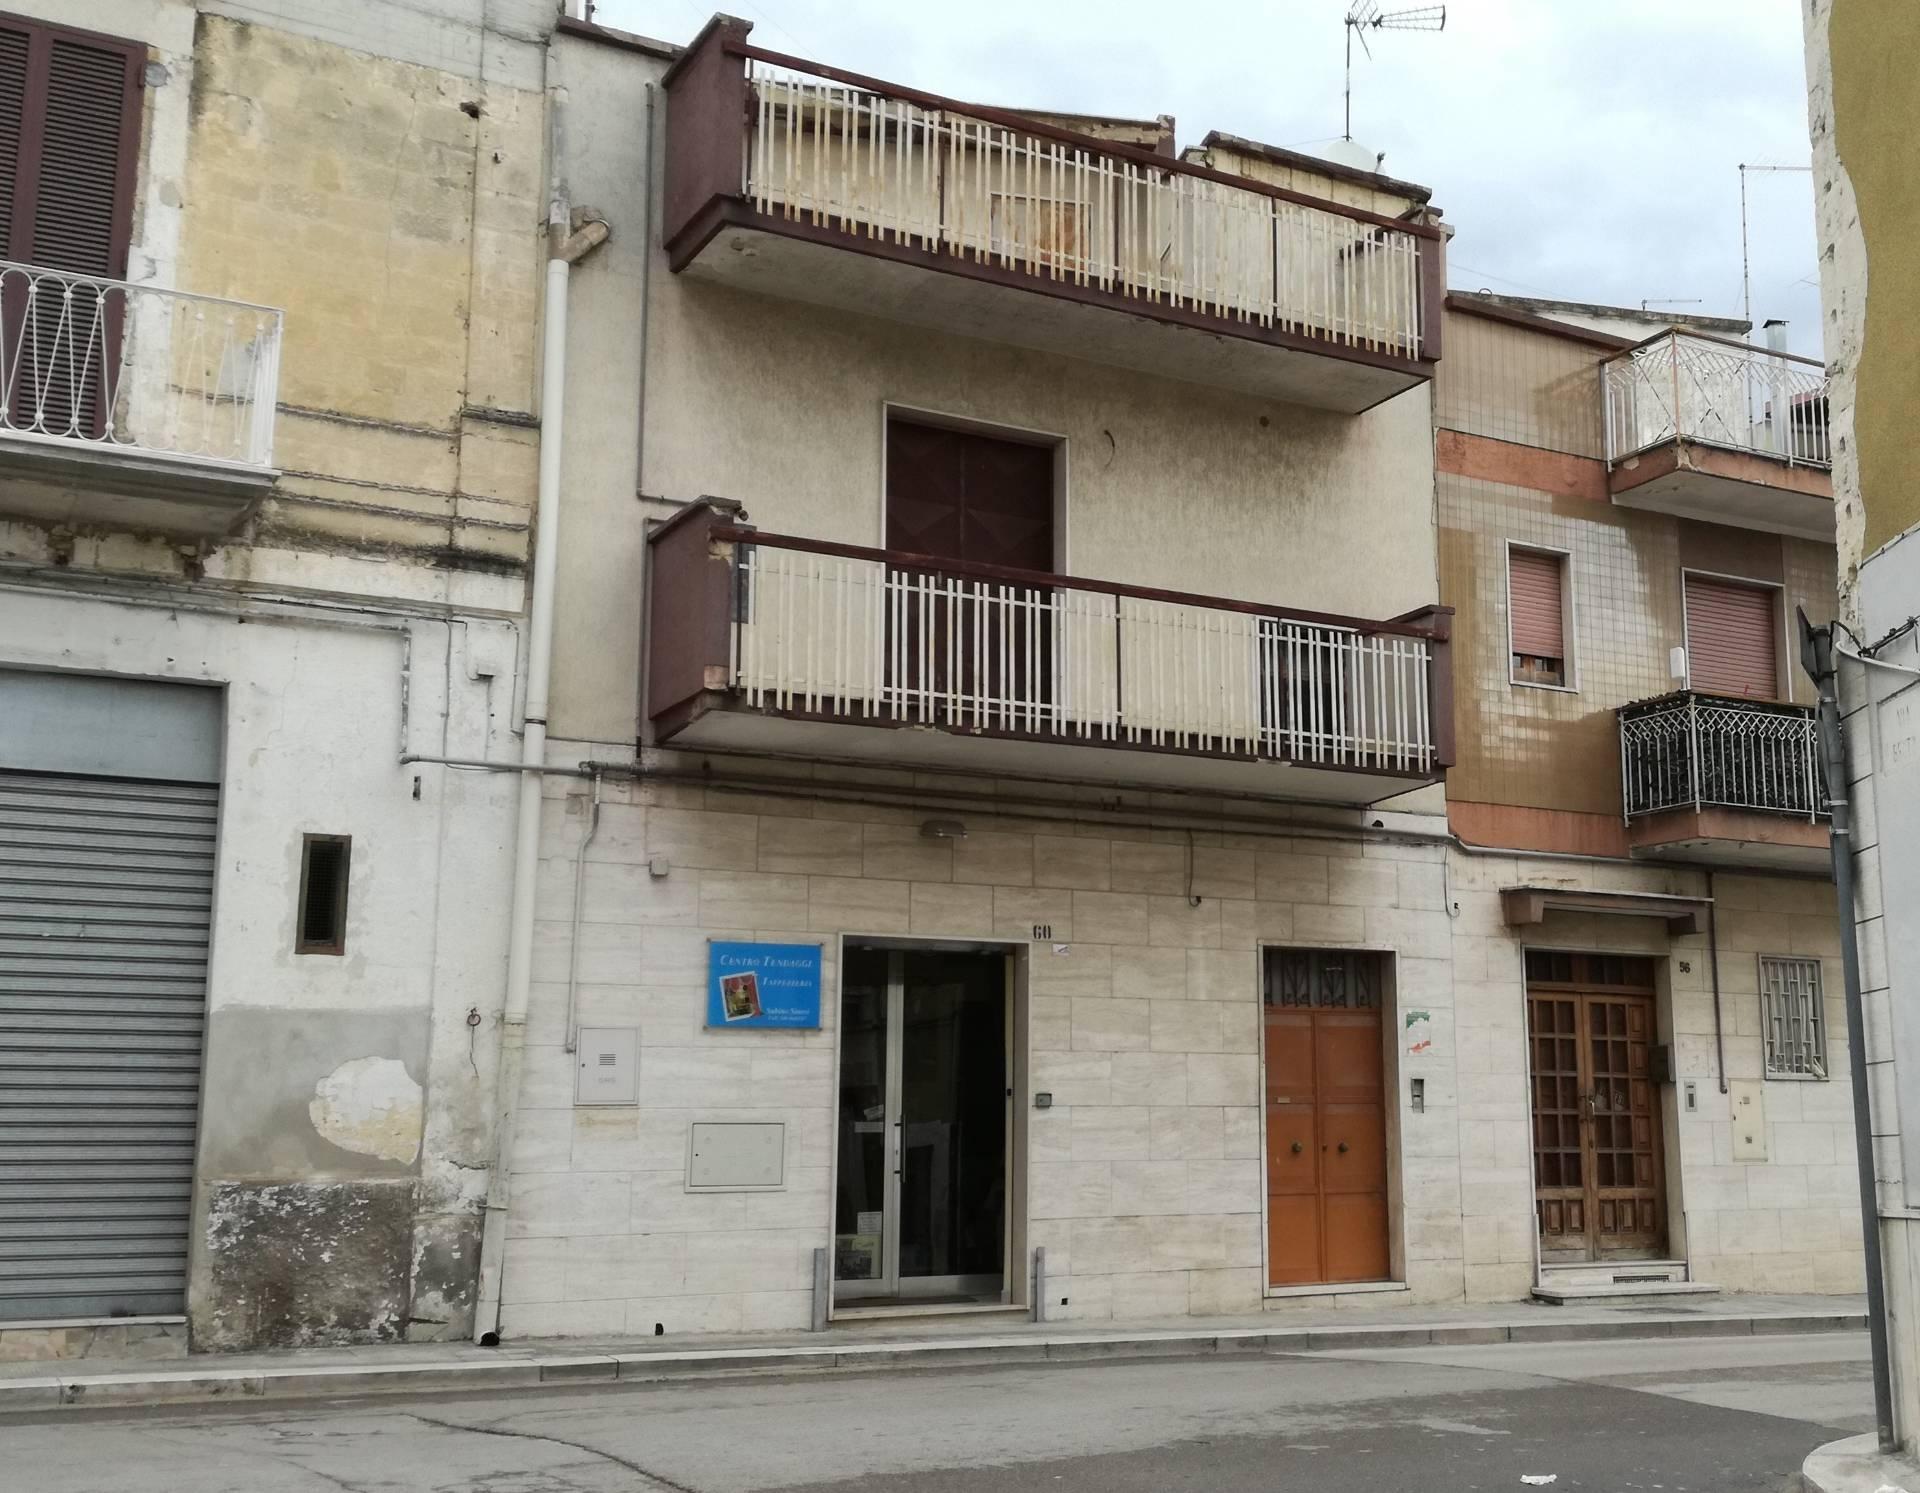 Casa singola in vendita a canosa di puglia cod r502 - Piano casa puglia ...
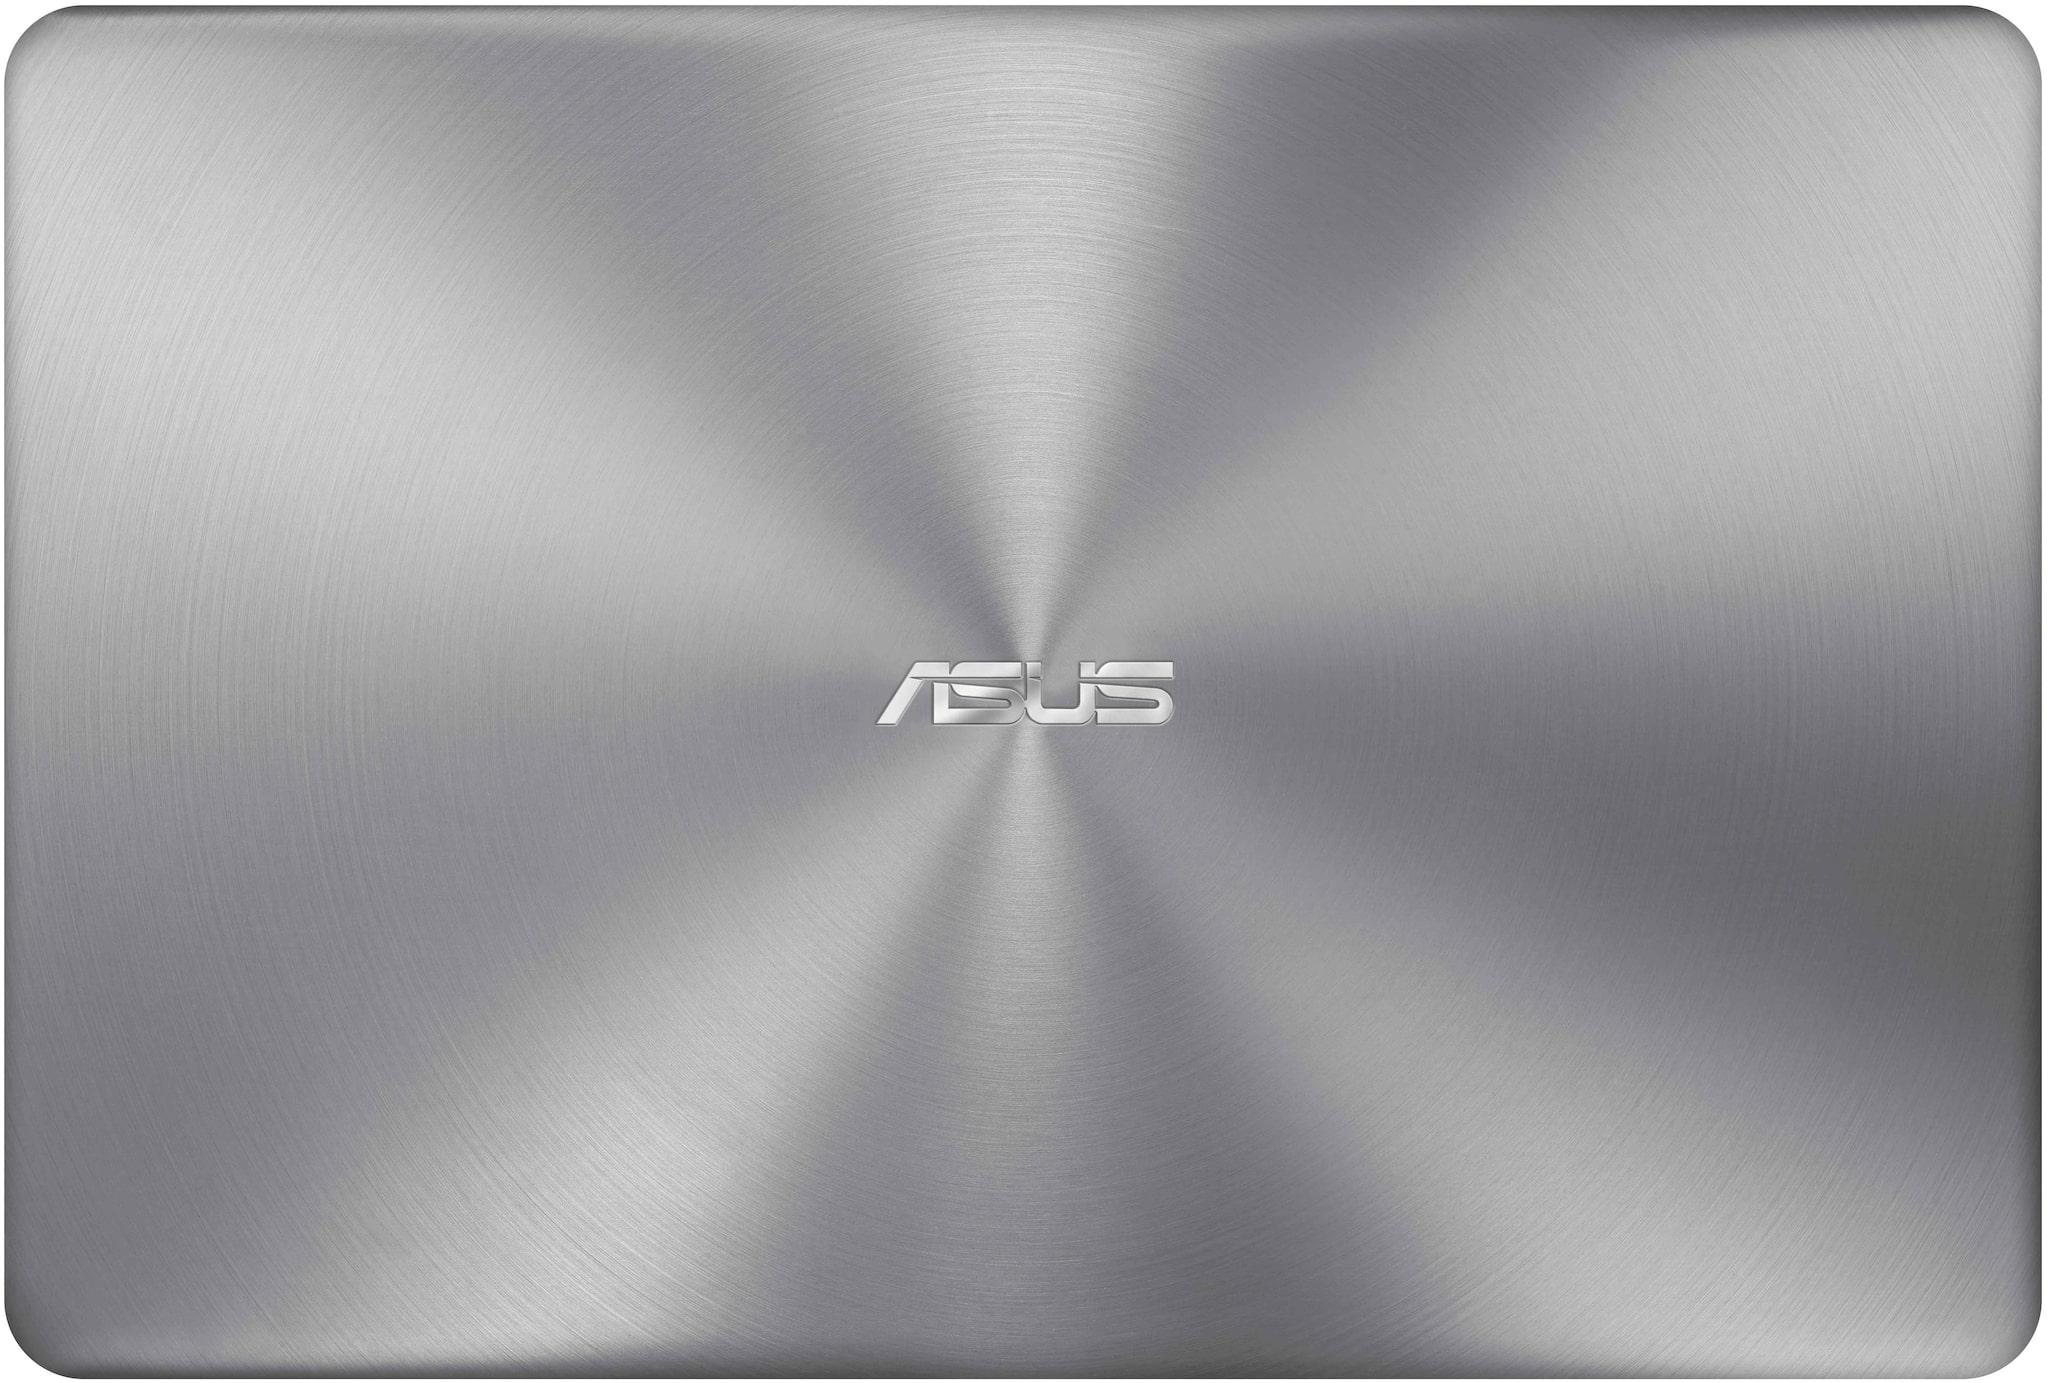 ASUS Vivobook 15 X510 (Core i5-8th/4 GB+16 GB Optane Memory/1 TB/39.62 cm (15.6 Inch) FHD/Windows 10/2 GB Graphics) Thin and Light Laptop X510UF-EJ592T (Grey, 1.7 Kg)
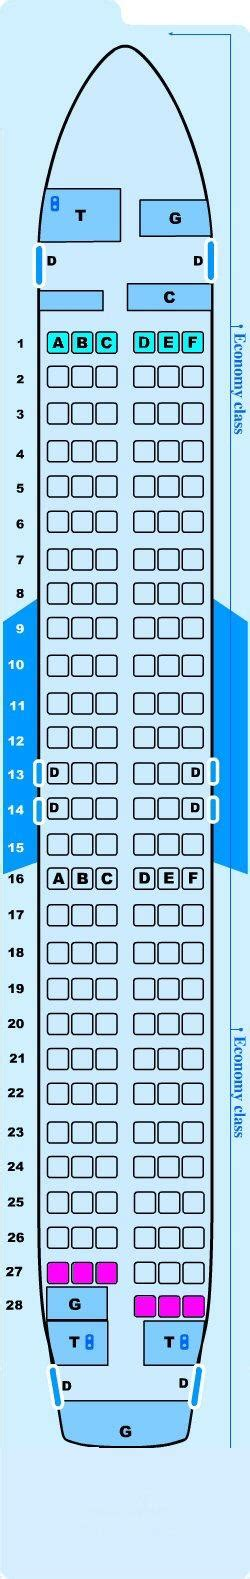 plan des sieges airbus a320 seat map lauda air airbus a320 214 seatmaestro
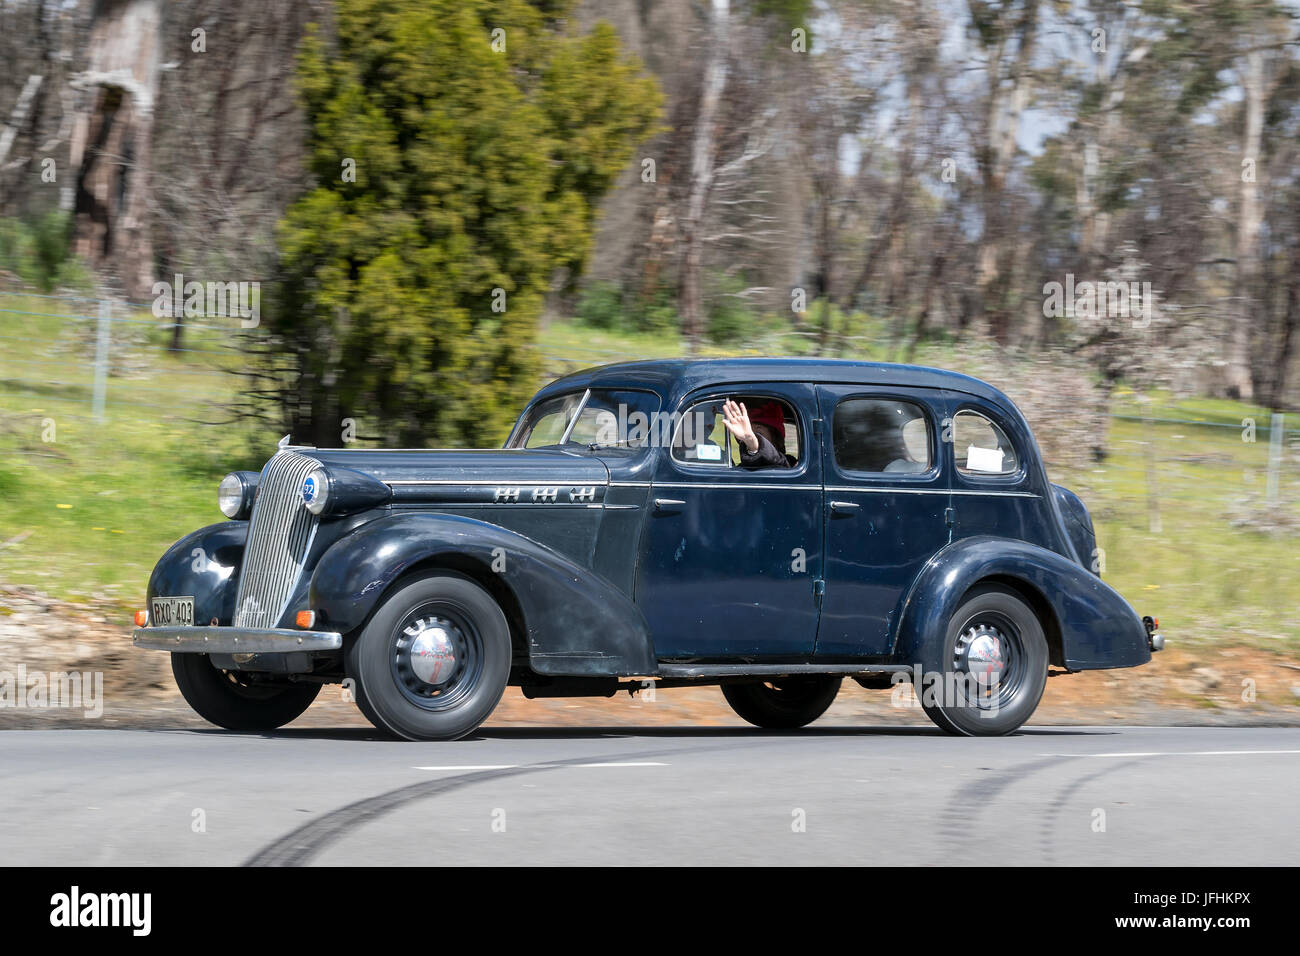 Vintage 1936 Oldsmobile FR Sedan driving on country roads near the town of Birdwood, South Australia. - Stock Image

^^^^

* ASSIGNMENT *
An image-free, exact version of the listing above is required.

* PROBLEM SOLUTION *
 Casa singola in vendita a canosa di puglia cod r502 - Piano casa puglia ...
 ASUS Vivobook 15 X510 (Core i5-8th/4 GB+16 GB Optane Memory/1 TB/39.62 cm (15.6 Inch) FHD/Windows 10/2 GB Graphics) Thin and Light Laptop X510UF-EJ592T (Grey, 1.7 Kg)
 plan des sieges airbus a320 seat map lauda air airbus a320 214 seatmaestro
 Vintage 1936 Oldsmobile FR Sedan driving on country roads near the town of Birdwood, South Australia. - Stock Image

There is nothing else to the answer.